Your instructions: Skip all pictures; return exactly the lines from the one containing "rodzaje ryżu, ryż, jaki" through the end of the data.

Exercise data:
- Opening Delimiter -

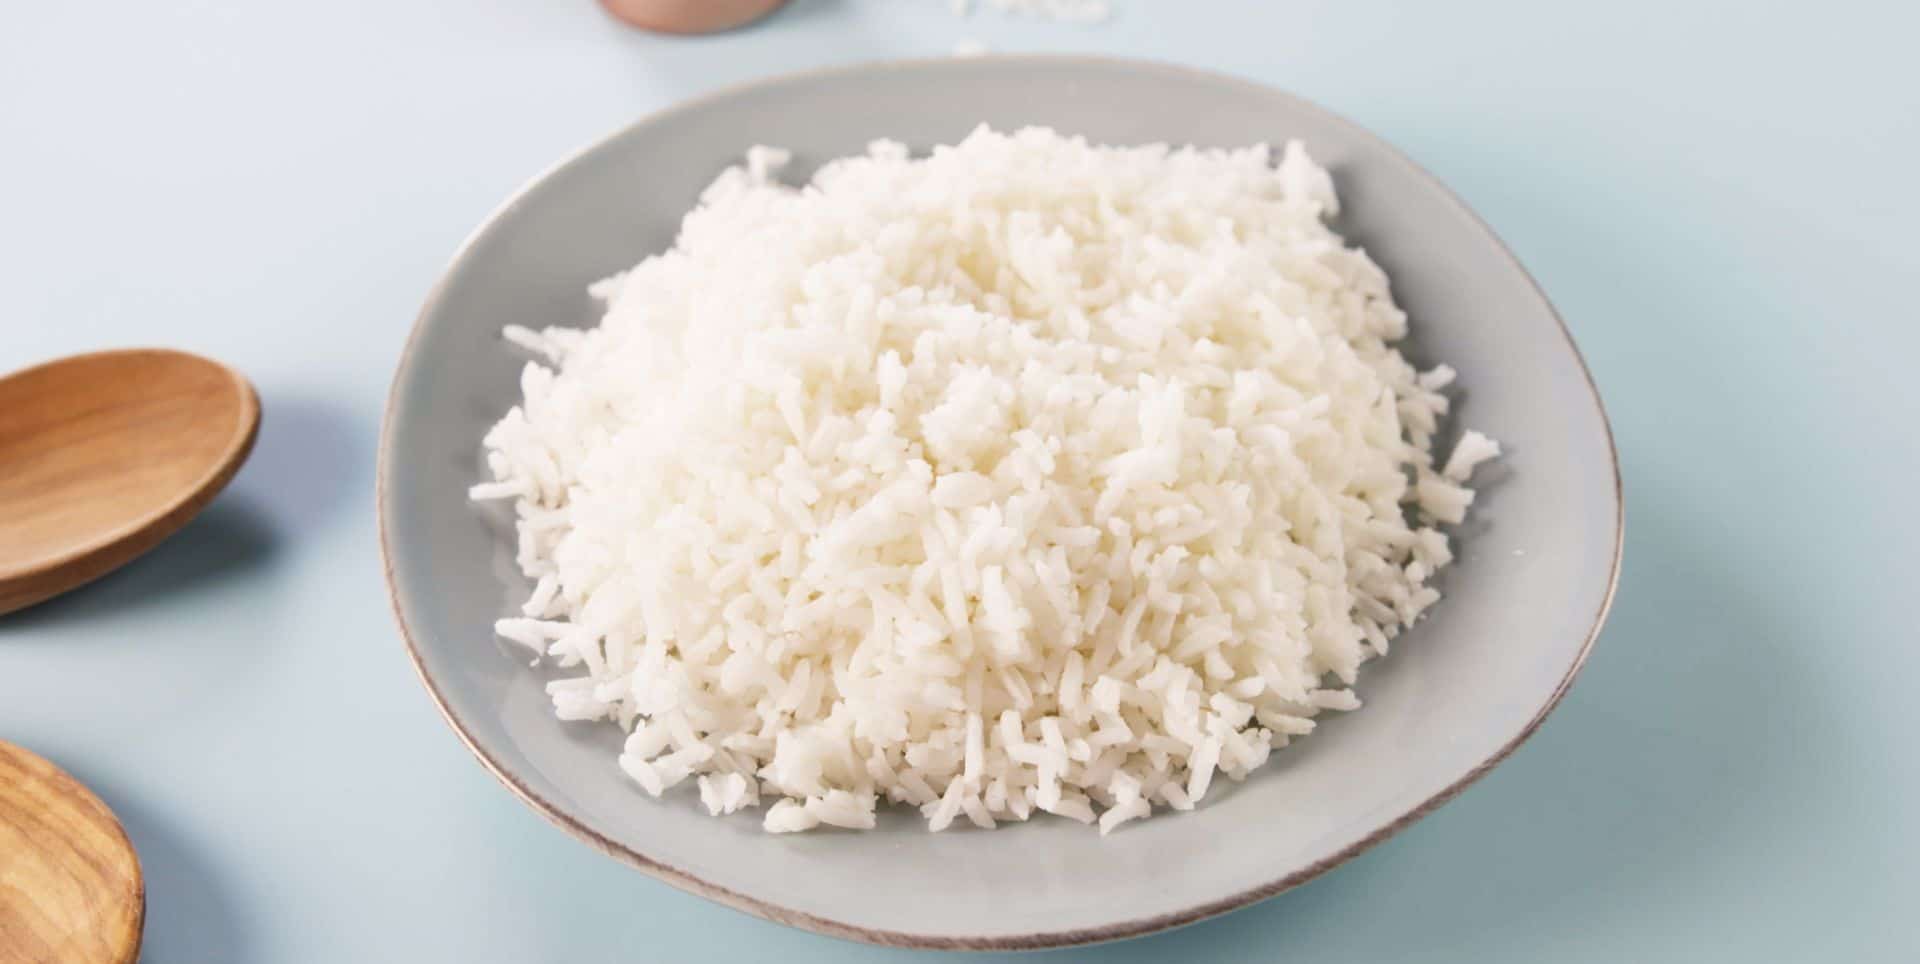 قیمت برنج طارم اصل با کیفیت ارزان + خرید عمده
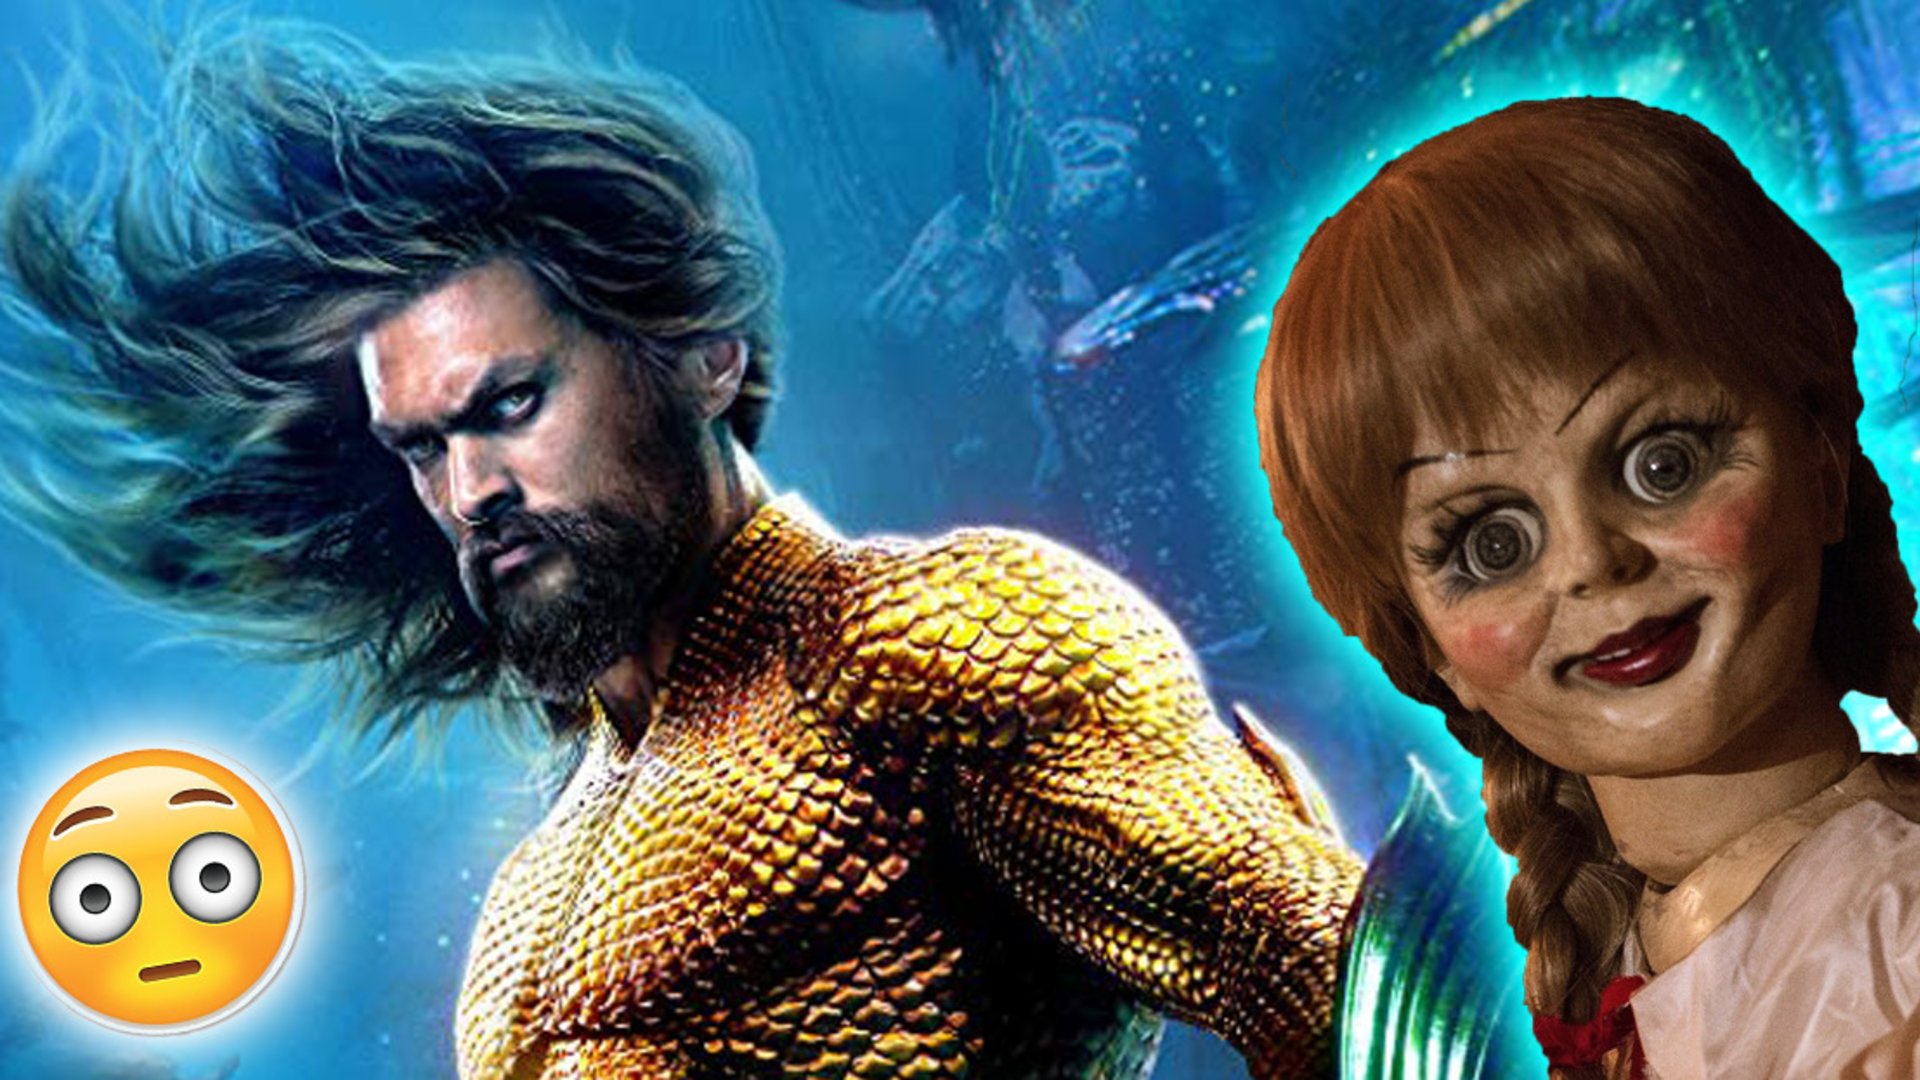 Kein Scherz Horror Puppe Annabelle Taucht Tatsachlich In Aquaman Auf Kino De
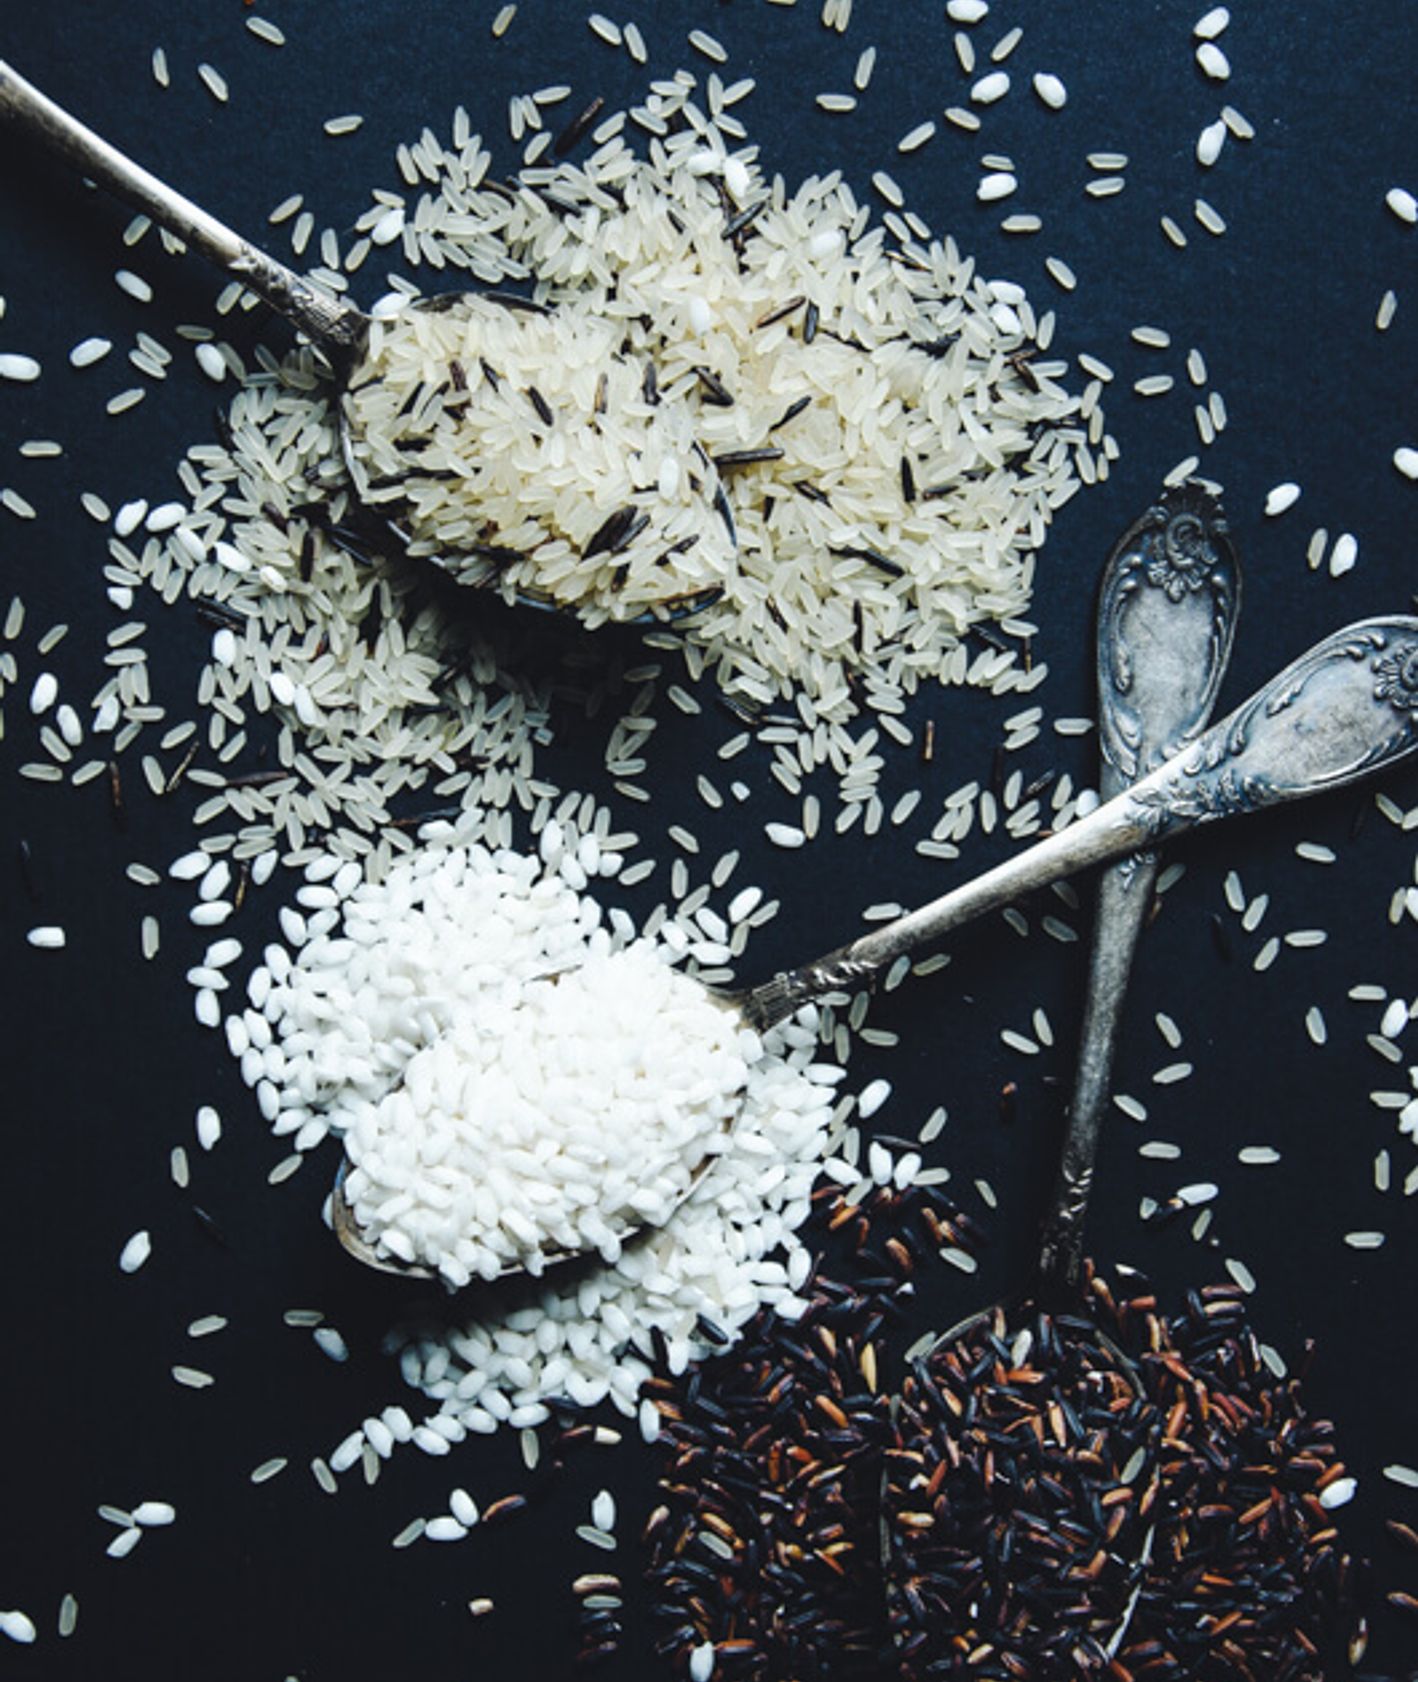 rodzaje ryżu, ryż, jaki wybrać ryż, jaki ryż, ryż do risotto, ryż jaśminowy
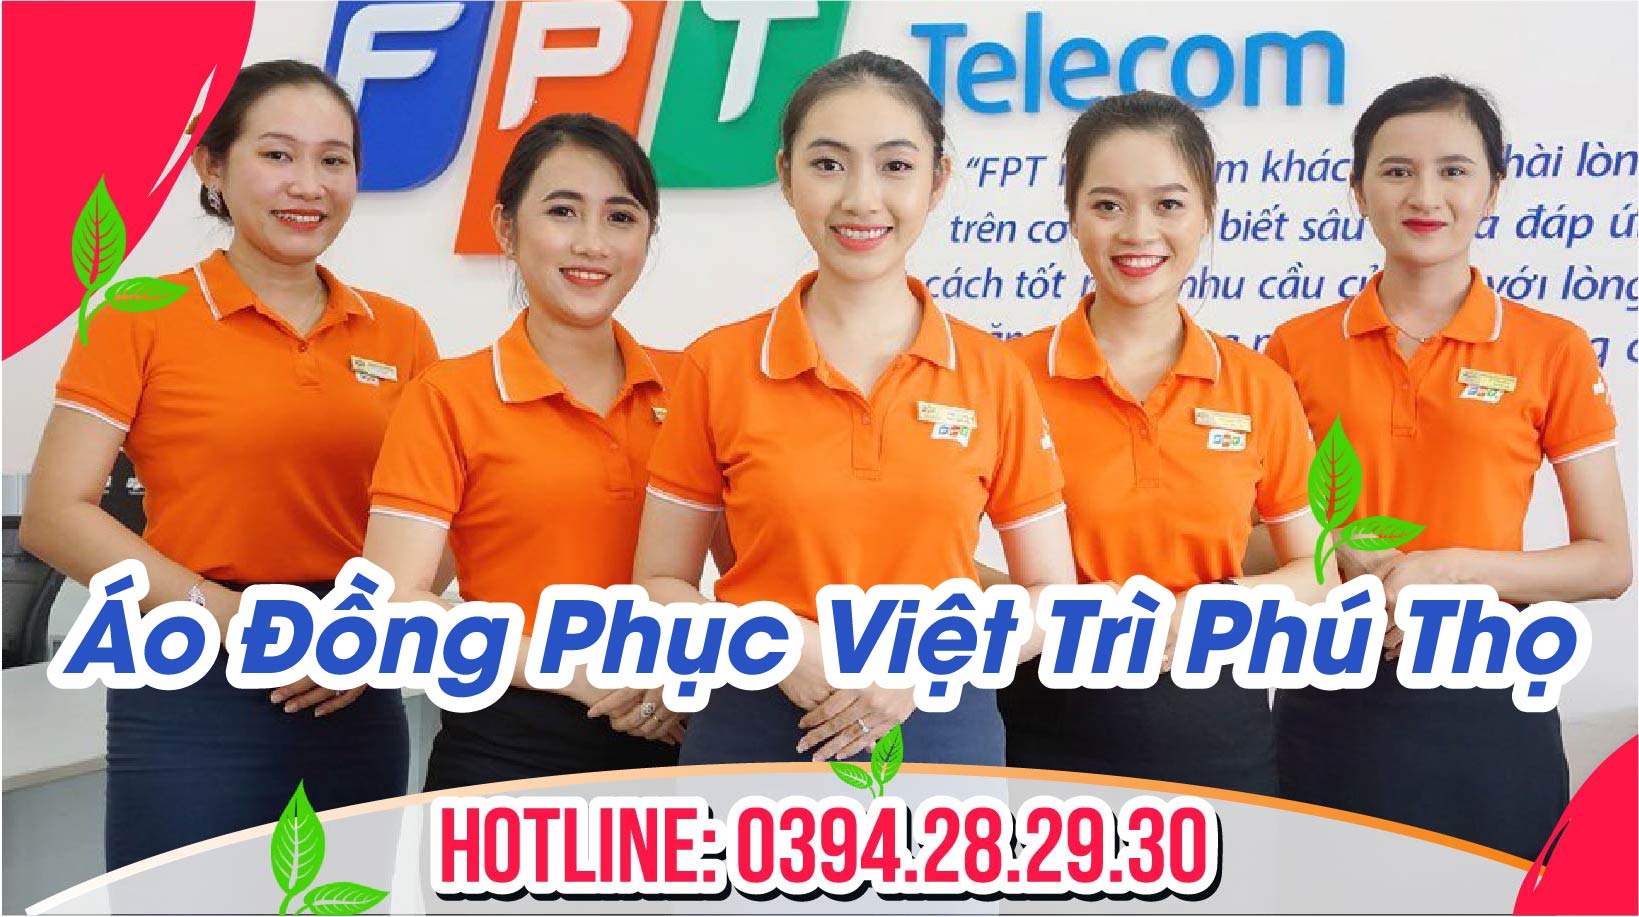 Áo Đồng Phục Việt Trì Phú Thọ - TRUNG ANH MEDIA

- Closing Delimiter -

Reply to the exercise:
 rodzaje ryżu, ryż, jaki wybrać ryż, jaki ryż, ryż do risotto, ryż jaśminowy
 Áo Đồng Phục Việt Trì Phú Thọ - TRUNG ANH MEDIA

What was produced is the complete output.